Иван Федорович невольно вспомнил начало своей солдатской службы и тяжело вздохнул. Сколько воды с тех пор утекло!
– Ну, пойдем в гостиницу, а то уже темнеет, – позвал Свету Иван Федорович.
Возвращались они уже при свете уличных фонарей, и эта картина казалась Свете какой-то сказочной.
– Ну, увидела море? – спросила у Светы дежурная, когда
– Увидела, – вздохнула Света. – Что-то не понравилось оно мне.
– Почему? – удивилась дежурная.
– Да, грязноватое оно какое-то и… маленькое.
Дежурная притащила им раскладушку. После очередного стакана чая с красным пряником Света заснула крепким сном, и снилось ей море, но совсем не такое, как во Владивостоке.
А Иван Федорович долго ворочался в неудобной кровати, вспоминая отдельные эпизоды из своей жизни, а когда заснул, то никаких снов не видел.
…Иван Федорович и не заметил, как в послевоенных буднях пролетели годы, и пришла пора уходить на пенсию. Проводили его торжественно – все-таки персональный пенсионер, хотя и местного значения.
Как водится, наградили почетной грамотой (их у него за время работы набралось более десятка), ценным подарком (самоваром) и, конечно, букетом цветов.

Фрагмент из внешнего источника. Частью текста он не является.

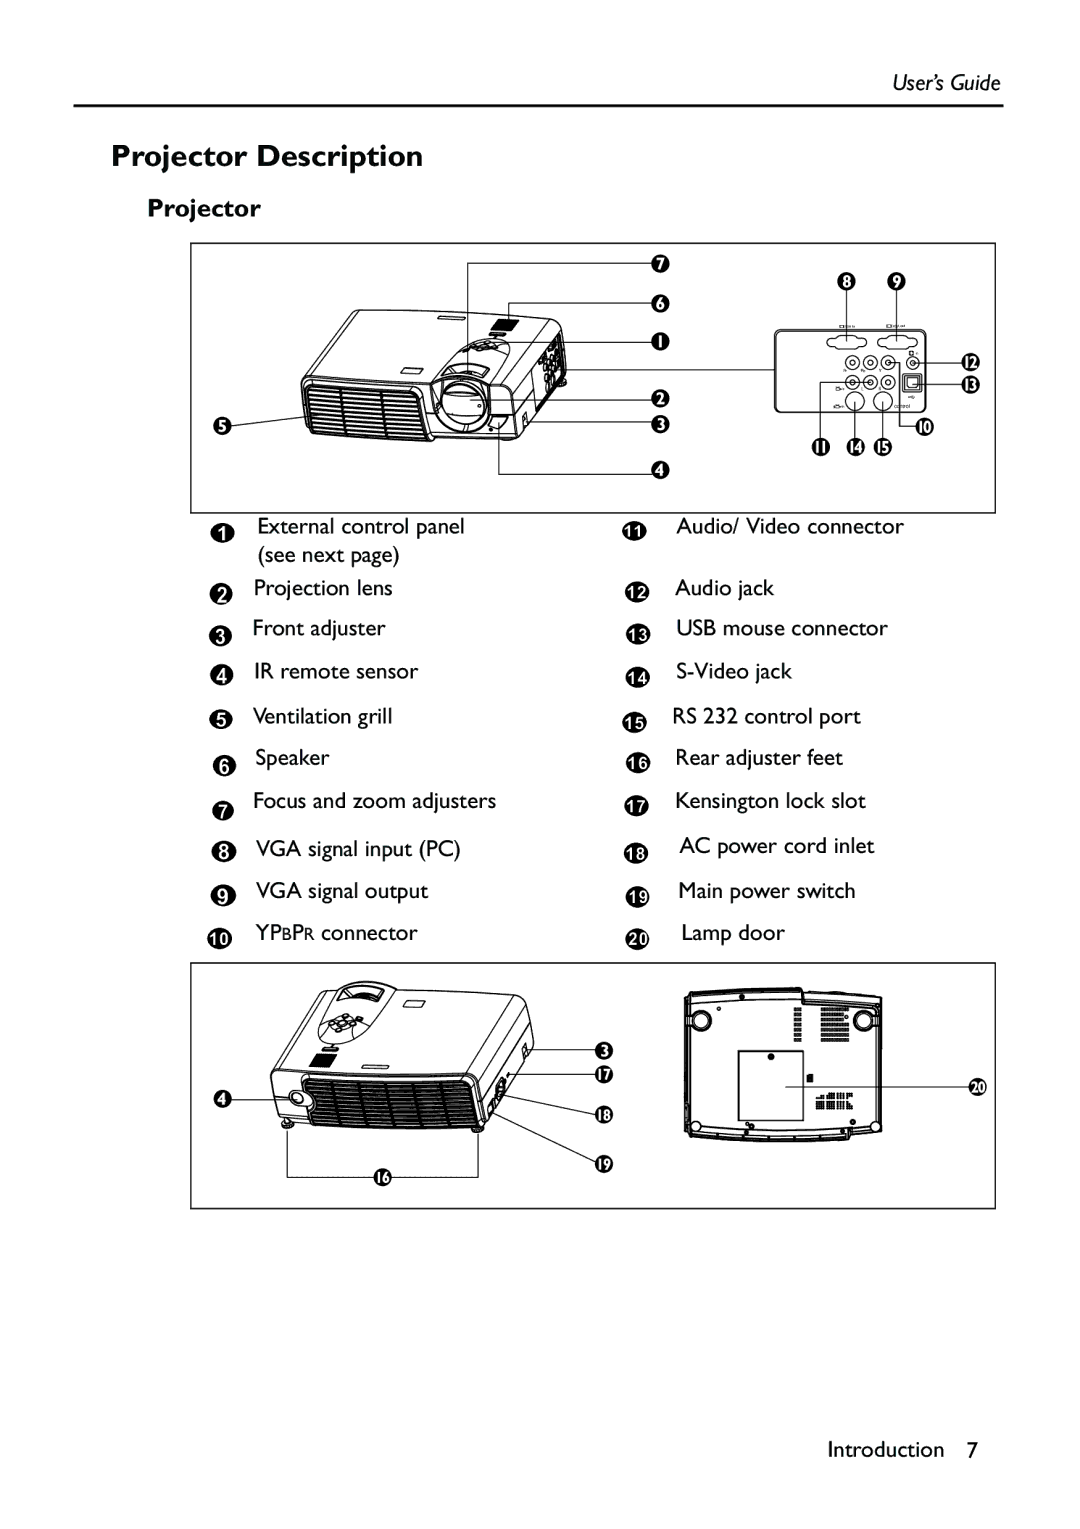 HP Vp6111 manual Projector Description

Иван Федорович был в своем неизменном полувоенном костюме с медалью и почетными министерскими знаками на груди («Отличнику соцсоревнования по сельскому хозяйству» и «Отличнику промкооперации»).
– Вот и все, мать, – заключил он, возвратившись с собрания. – Теперь будем вдвоем куковать.

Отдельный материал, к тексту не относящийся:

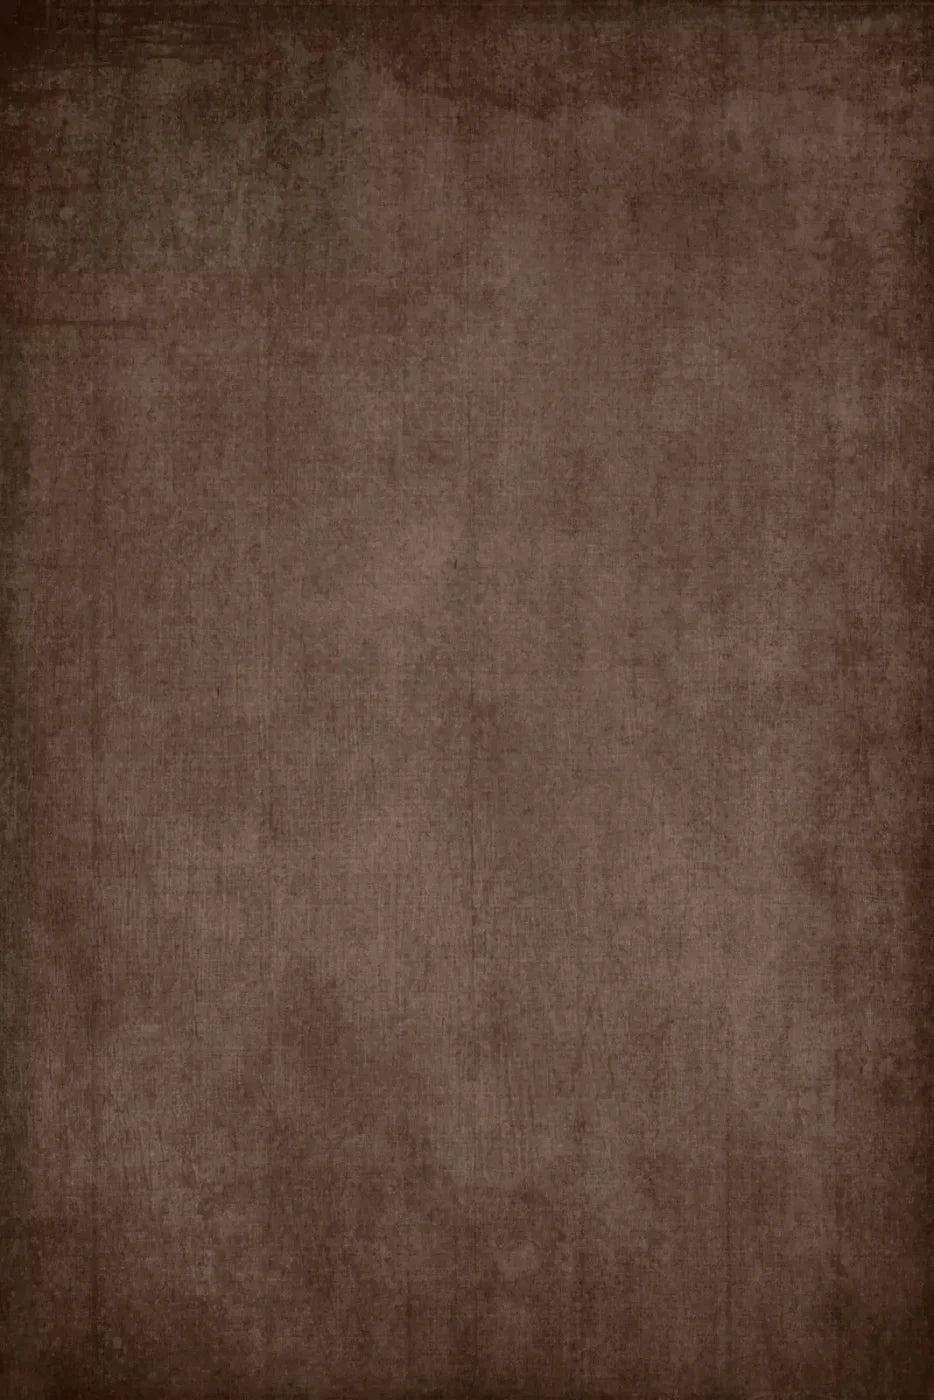 Brayden Brown 4X5 Rubbermat Floor ( 48 X 60 Inch ) Backdrop

– Ну да, вдвоем, – возразила Ксения Ивановна. – Нам надо еще вон Светку поднимать. Да и Вовка из армии должен прийти.
Старшие дети уже свили свои «гнезда». Октябрина вышла замуж за Александра Турубарова, который пройдет путь от рядового шофера до главного инженера крупной дорожной организации.
Возвратившийся через три года после окончания войны Иван привезет с собой туберкулез. И только мать поставит его на ноги, заставляя принимать барсучье сало. Старшего брата Светлана называла на «Вы» и боялась, особенно, когда мыла полы и оставляла за собой «зайцев» – непромытые проплешины. Ваня указывал на них и заставлял перемывать.
– Ваня, вы понимаете, что я в школу могу опоздать? – вопрошала Света, еле сдерживая слезы.
– Не опоздаешь, добежишь, – не отступал старший брат.
Света быстренько домывала полы и мчалась в школу.
Школа располагалась совсем недалеко от дома, рядом с церковью, которая, надо сказать, была действующей, что для того времени являлось редким исключением.
В первый класс Света ходила с сумкой, сшитой матерью из какой-то прочной материи. В ней помещались учебники, пенал, чернильница-непроливайка, а иногда и бутерброд с гидрожиром вместо масла.
Однажды Света залезла на чердак дома, в котором они жили. Залазить было легко: сначала на забор, потом на крышу сеней, а тут и открытая дверца чердака, и не надо никакой лестницы. Надо сказать, что залазила она на чердак частенько. Ей нравилось перебирать подшивки старых газет, рассматривать всякий хлам, заглядывать в фотоаппарат с гармошкой. Интересно, в него смотришь, а в глазке видишь все вверх ногами. Действительно, перевернутый мир!